Please output exactly the lines below, starting at the line that has "Biohazard Wallpaper Download" and ending at the line that has "floor,property,flooring,room,purple", both included; leave out all pictures and include nothing else.
(DATA RECORDS begins)
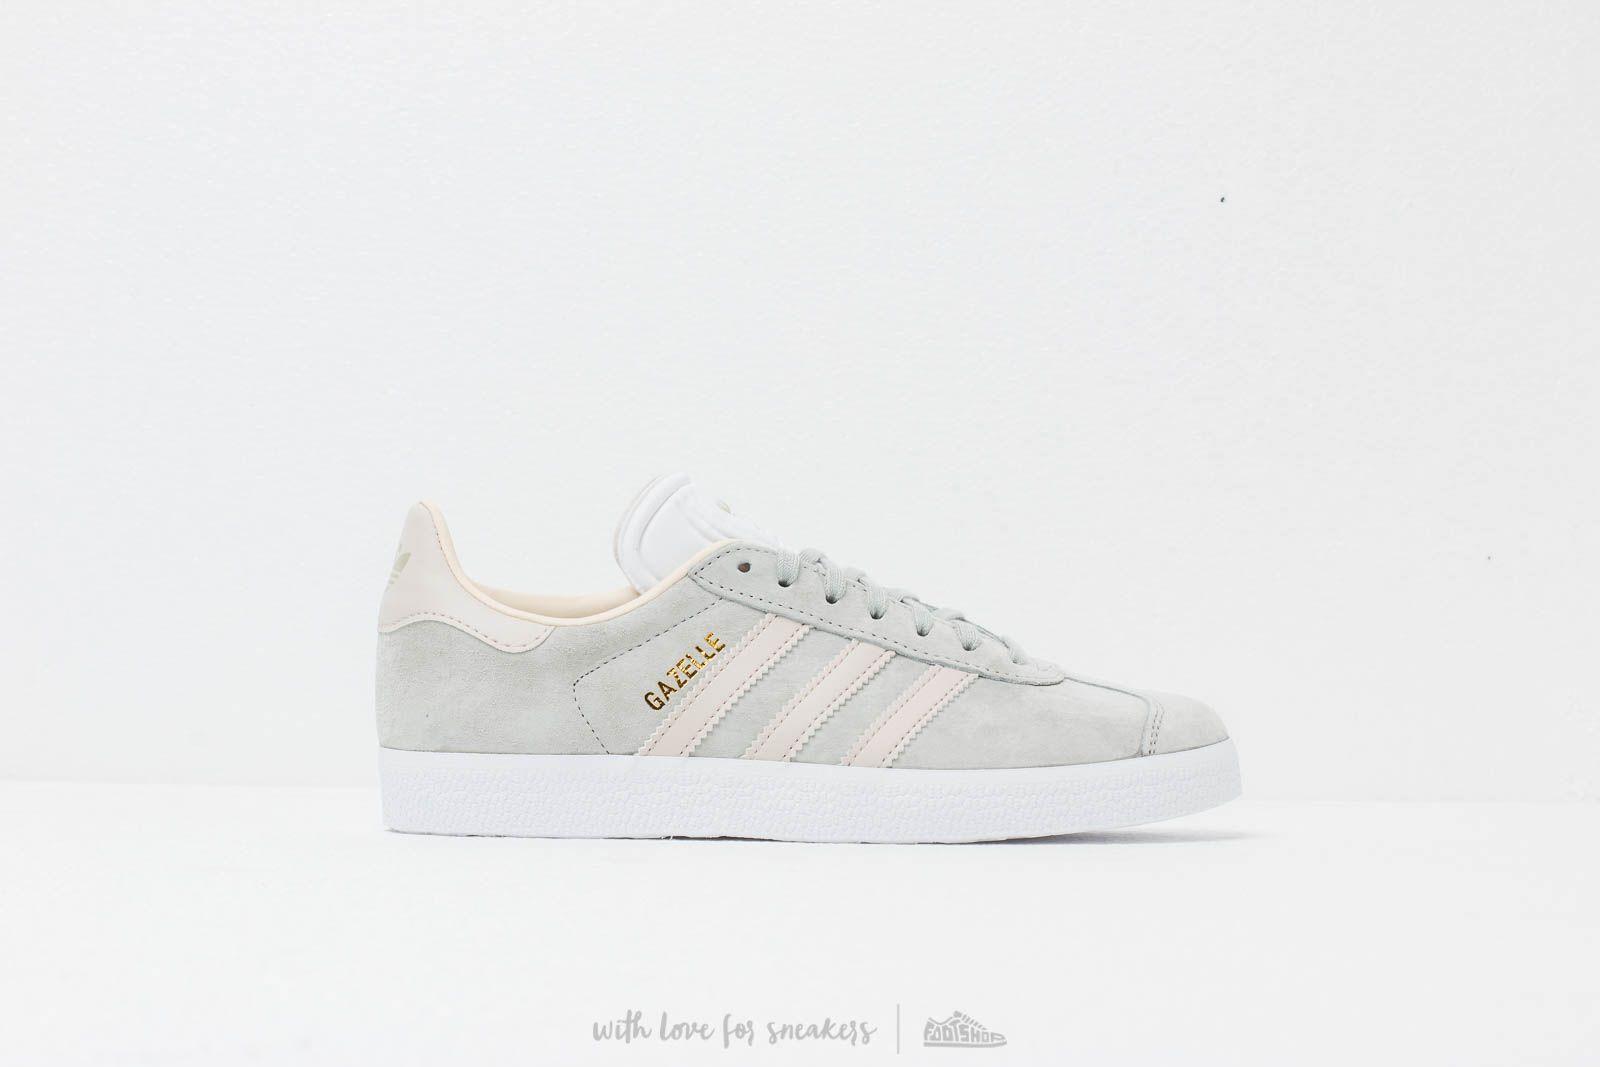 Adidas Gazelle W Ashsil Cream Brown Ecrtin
(DATA RECORDS ends)
(DATA RECORDS begins)
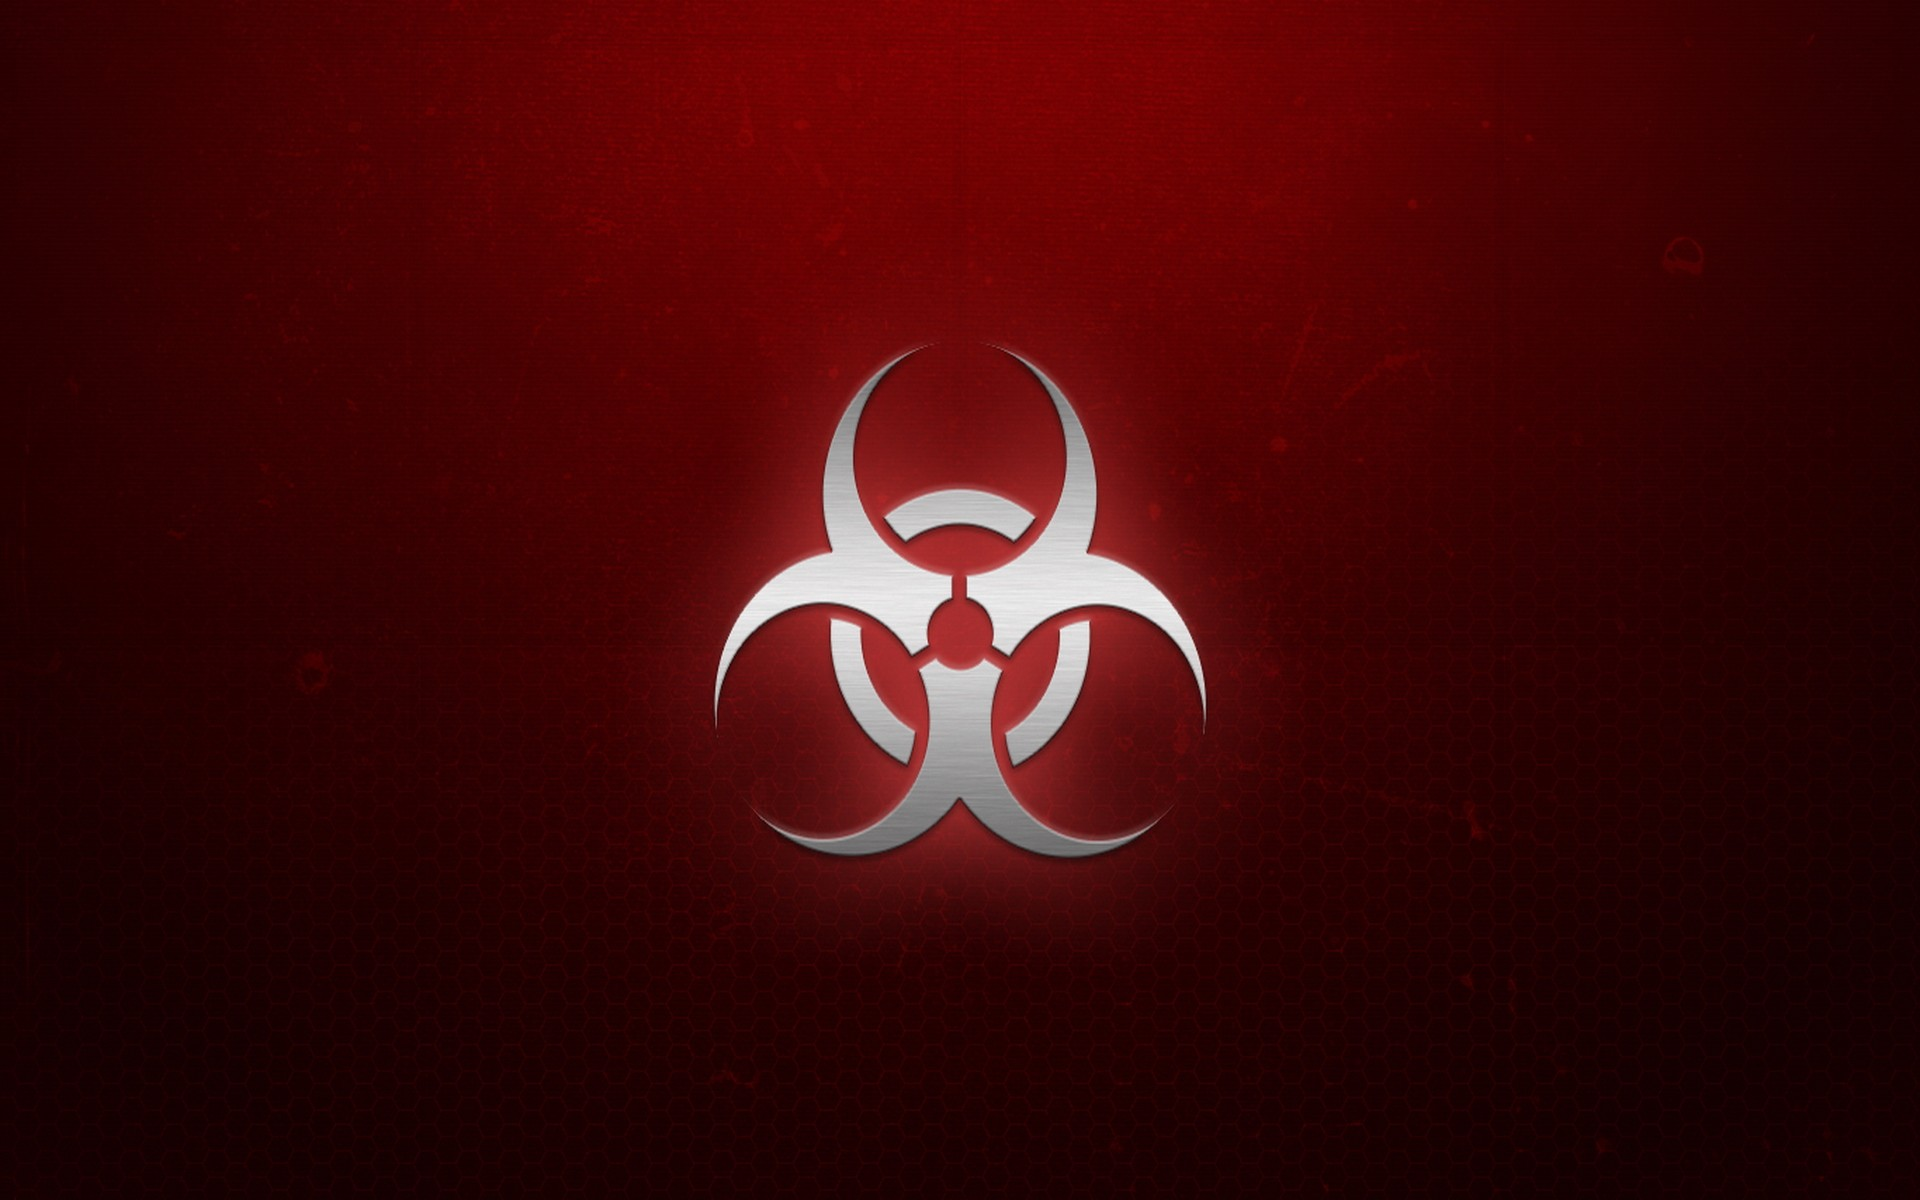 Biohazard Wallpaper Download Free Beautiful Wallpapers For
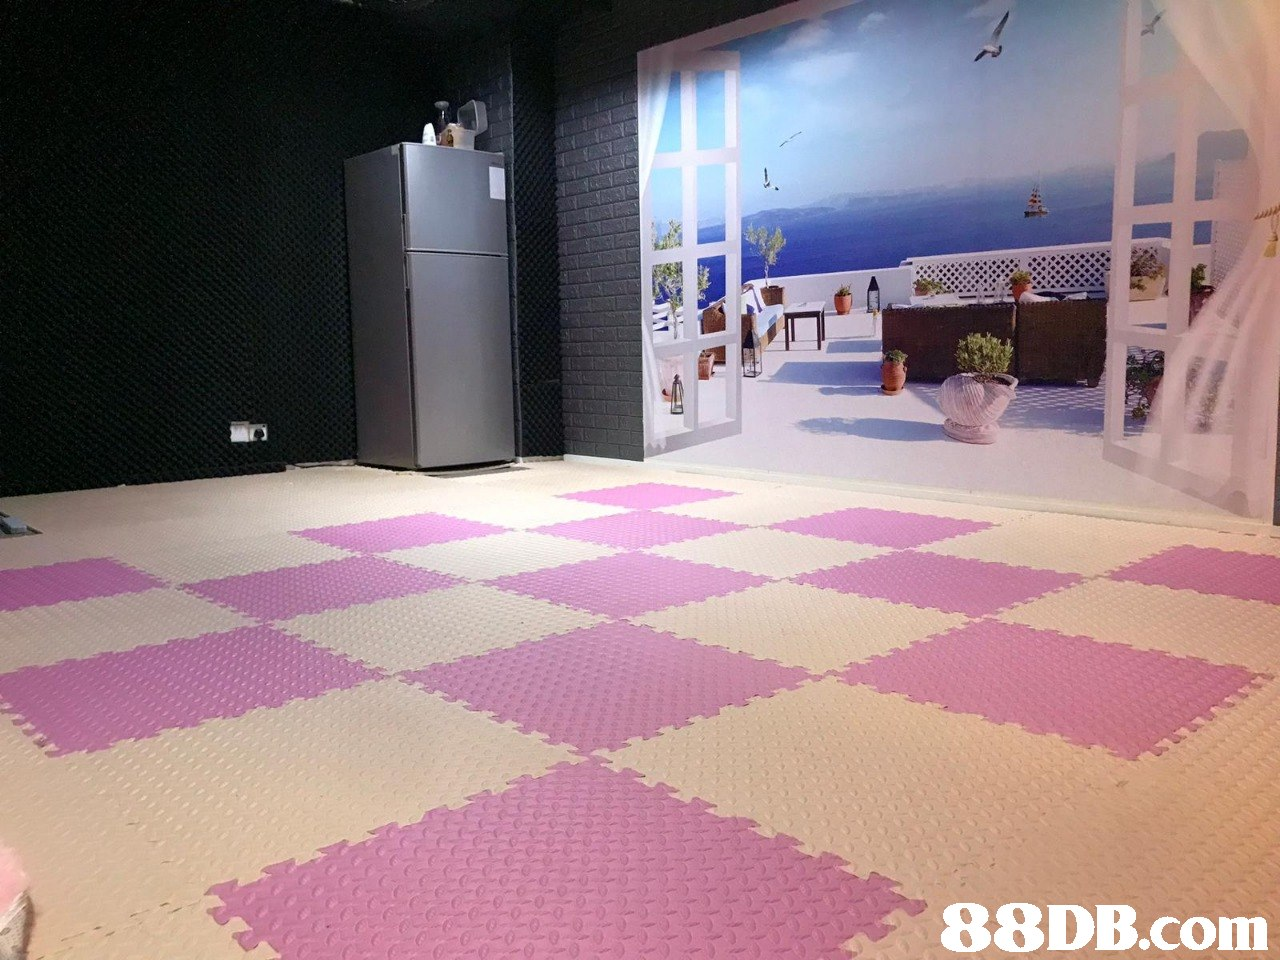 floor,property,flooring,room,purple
(DATA RECORDS ends)
* [SOLUTION FOR THIS PROBLEM]:
 Biohazard Wallpaper Download Free Beautiful Wallpapers For
 floor,property,flooring,room,purple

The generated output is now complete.